An audience for a concert totals 100 people consisting of adults, students, and children. Ticket prices are $10 for adults, $3 for students, and fifty cents for children. The total amount of money taken in for ticket sales is $100. How many adults, how many students, and how many children were in attendance?

Re: Math Problem
 

5 1 94

Re: Math Problem
 

20 students and 80 children 0 adults.

Re: Math Problem
 

There are several solutions. The equation 10a + 3s + 0.5c = 100 where a, s, c > 0 represents a plane "segment" (dunno the correct term, but this should be clear). If a, s, and c have to be integral (which they hopefully do in this case.. hehe) then there are a finite number of solutions.
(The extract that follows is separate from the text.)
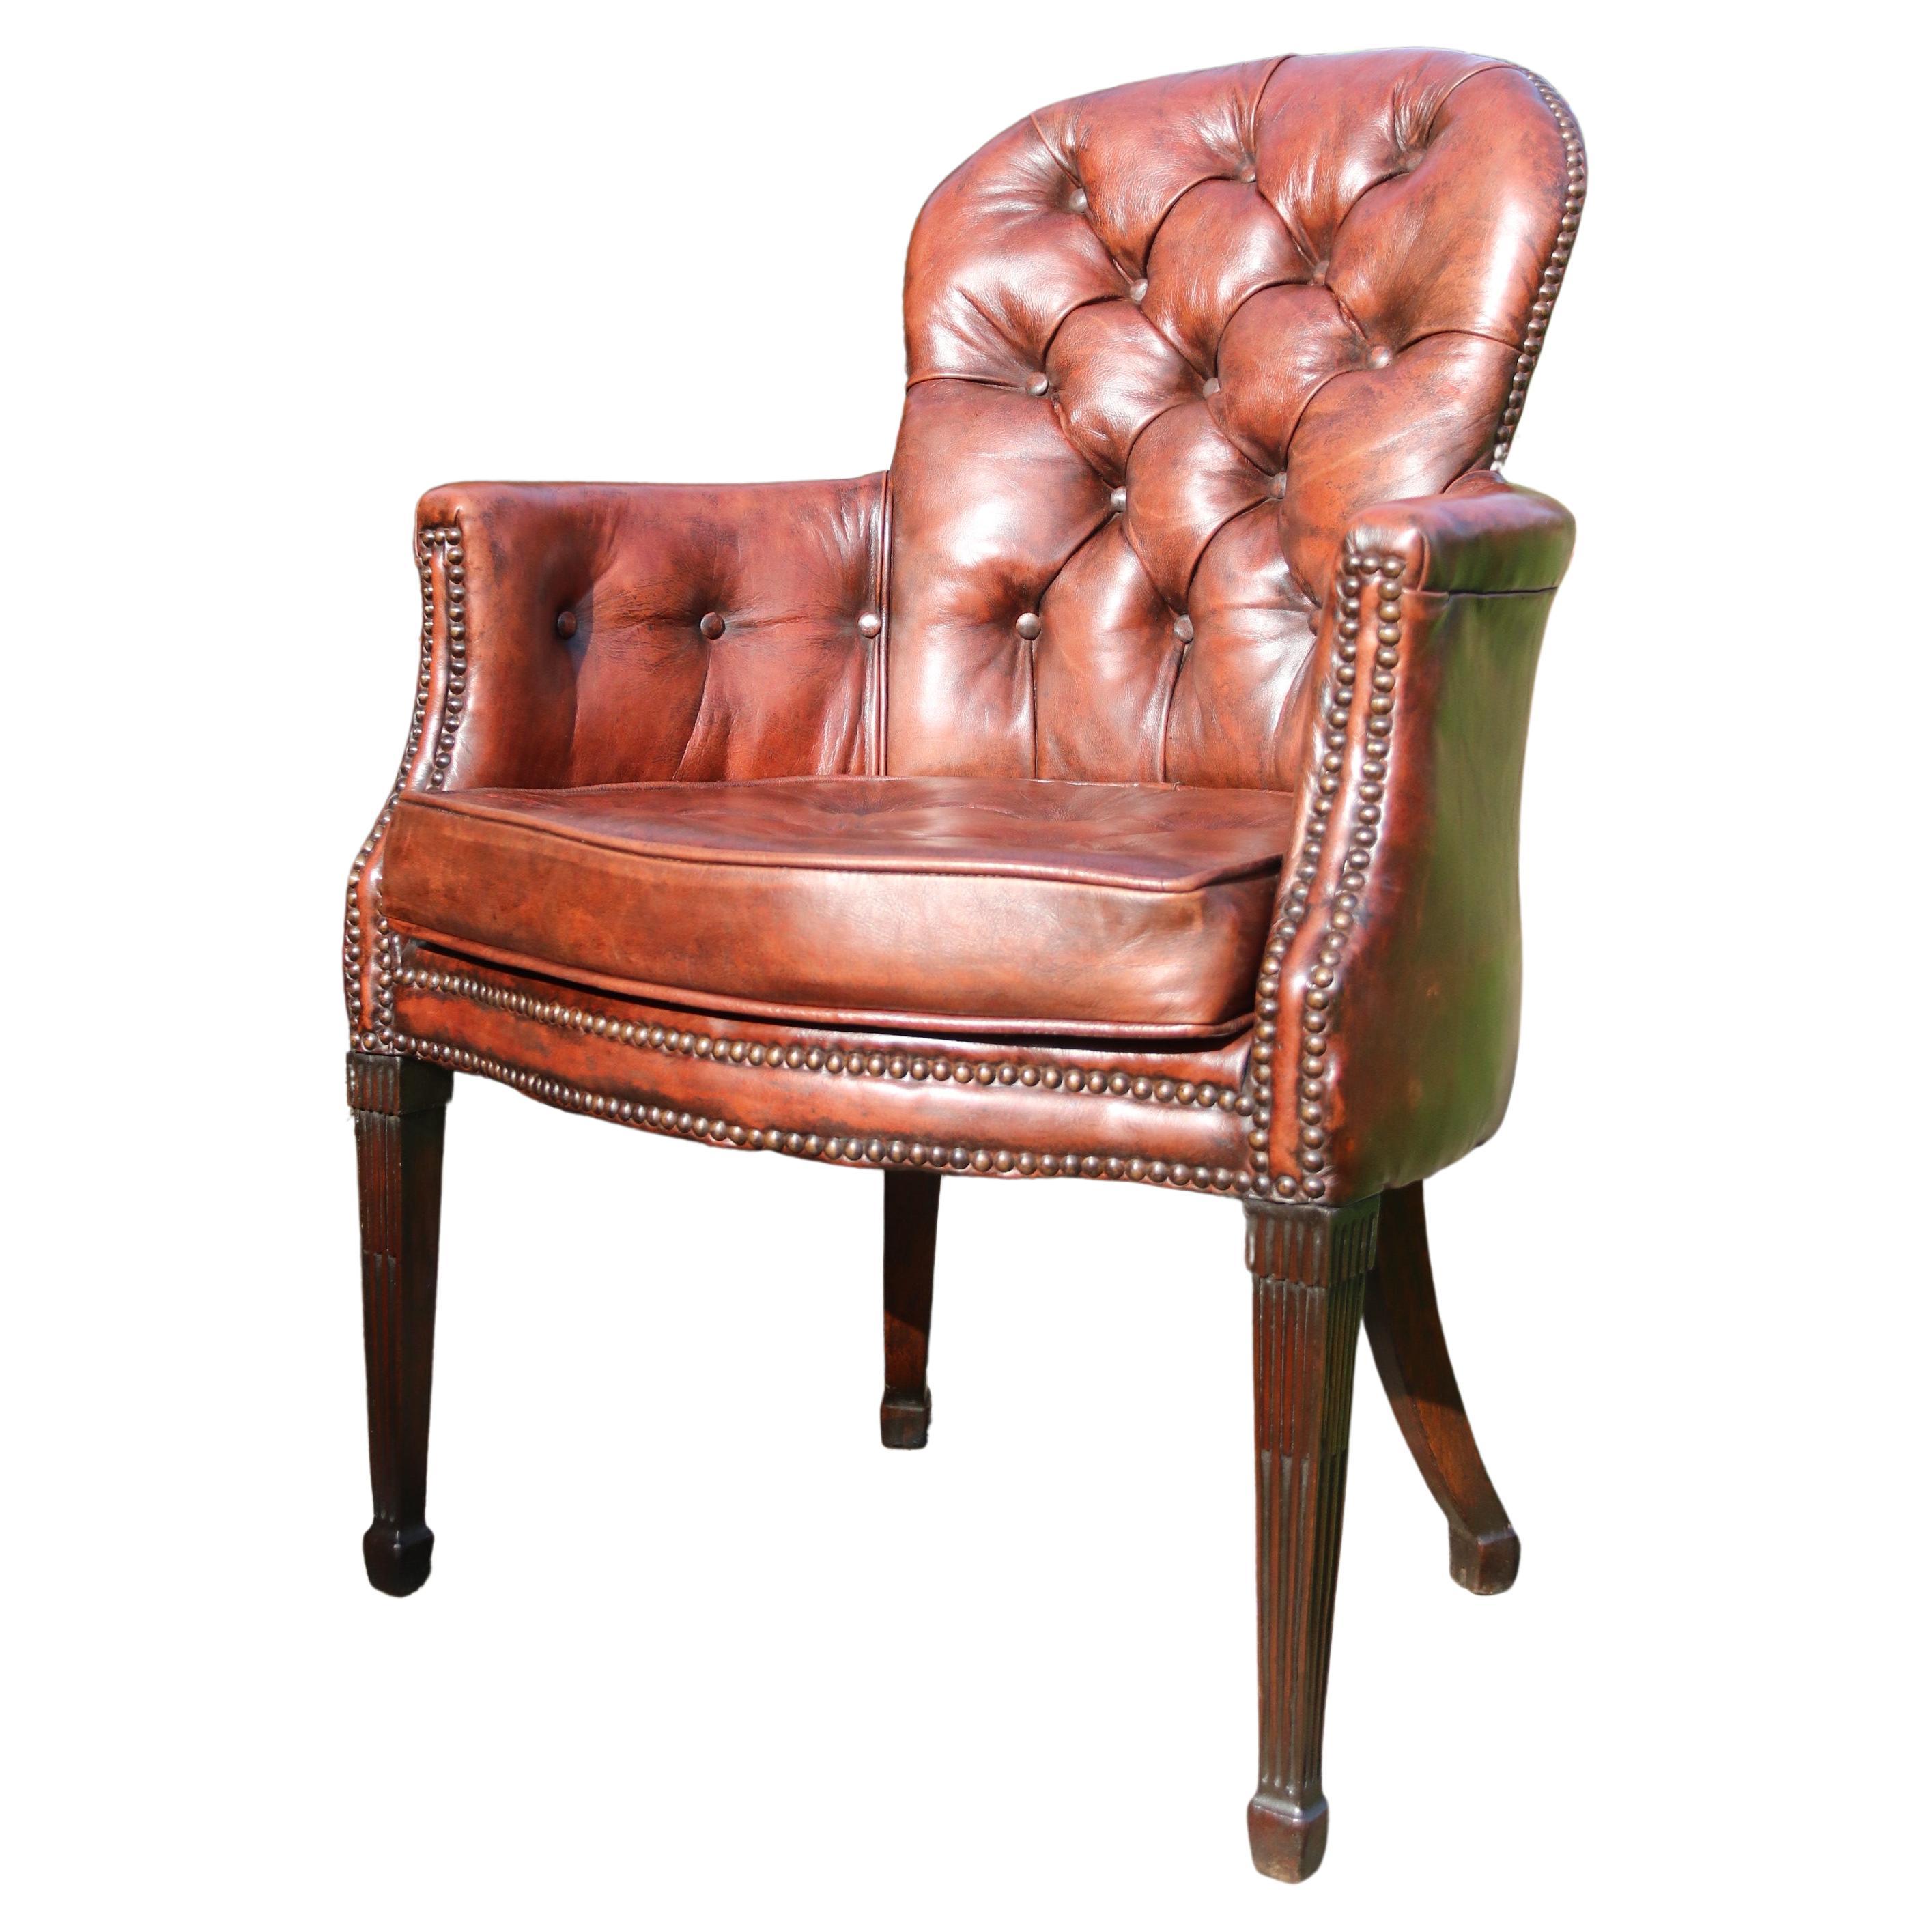 English 18th century leather armchair circa 1790

If they didn't have to be integral, there would be an infinite number of solutions on the plane segment.

I hope that it is something like 9 adults, 3 students, and 2 children, though... so that all those children don't run rampant...

Oops.. missed a constraint... sigh.. hehe
 

100 people, eh? Well, there are still multiple solutions because there are three variables and only two constraints.
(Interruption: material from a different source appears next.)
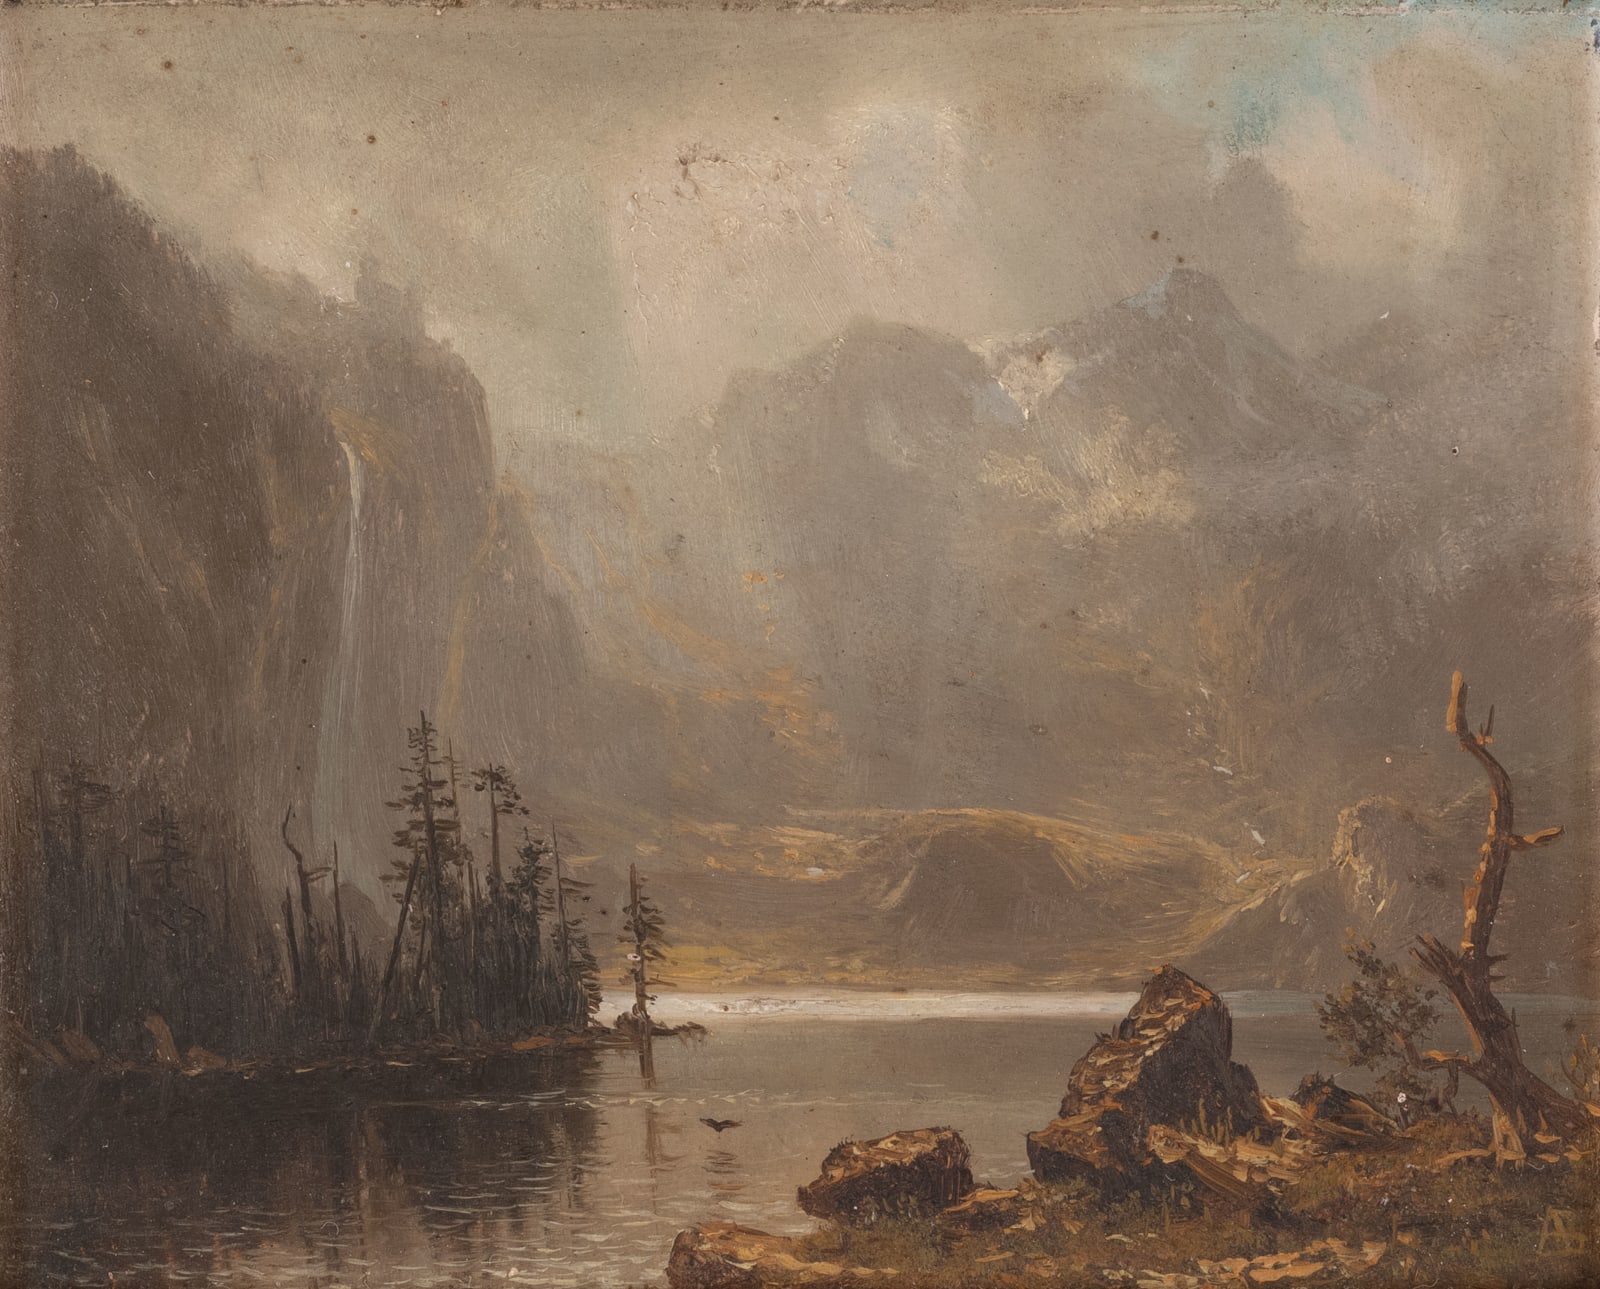 Albert Bierstadt, Mountain Landscape, undated

The solutions all lie along the line segment created where the two plane segments intersect...

10a + 3s + 0.5c = 100
a + s + c = 100
a, s, c > 0

Looks like we are gonna have lots of unsupervised children... wouldn't want to be at that show.

Solution
 

Let X = # adults, Y = # students, and Z = #children. We have the following:

(1) X + Y + Z = 100

(2) 10X + 3Y + 0.5Z = $100

Re-Write (2) gives:

(3) 20X + 6Y + Z = 200

Now (3) - (1) yields:

(4) 19X + 5Y = 100

Since both 5Y and 100 are multiples of 5, then 19X must be a multiple of 5. So let 5n = X.
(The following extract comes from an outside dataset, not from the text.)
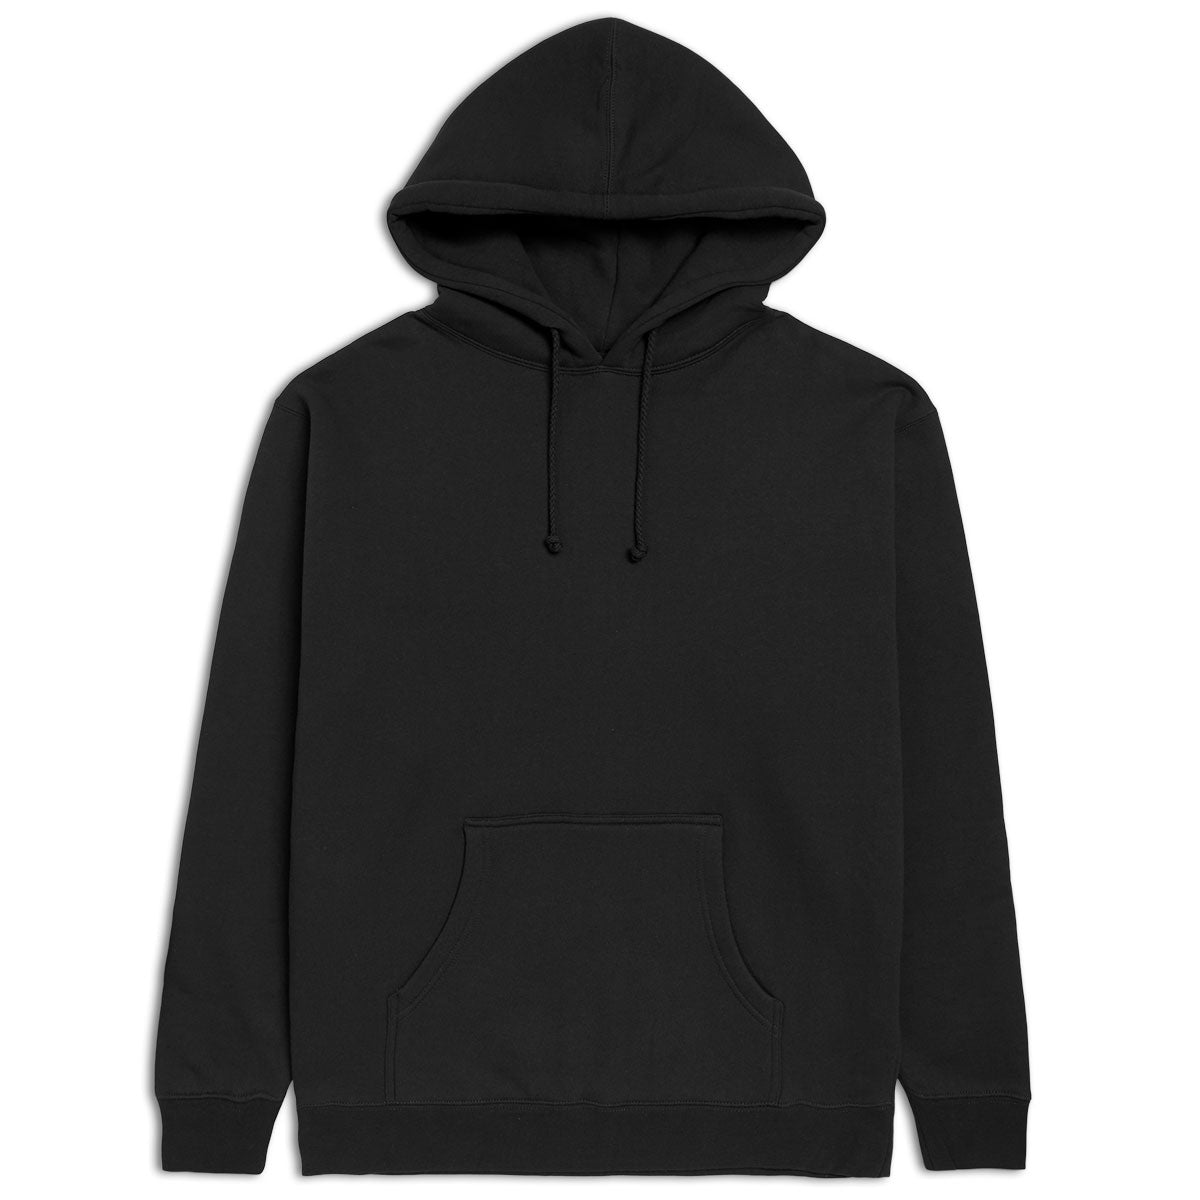 CCS Staple Pullover Hoodie - Black image 1

Then (19)(5n) = 100 - 5Y. Divide both sides by 5 yields:

(5) 19n = 20 - Y. Since Y and n must be postive integers then n = 1 and Y = 1. If n = 1 then X = 5. Then Z = 94. The answer is 5 adults, 1 student, and 94 children.

Re: Solution
 

n and Y don't have to be positive.. they just have to be non-negative. 0 adults, 20 students, and 80 children is also an answer.

Not true
 

The problem specifically states that the audience consists of adults, students, and children. Therefore, there must be at least one adult.

Fair enough *NT*
 

Re: Not true
 

Jim,

If you want to be that specific about the wording of the problem then there is no correct answer. Last time I looked 1 is a student not students. Not trying to pick any nits here just wondering why MajorKongs soultion is incorrect if yours is correct.

Jimbo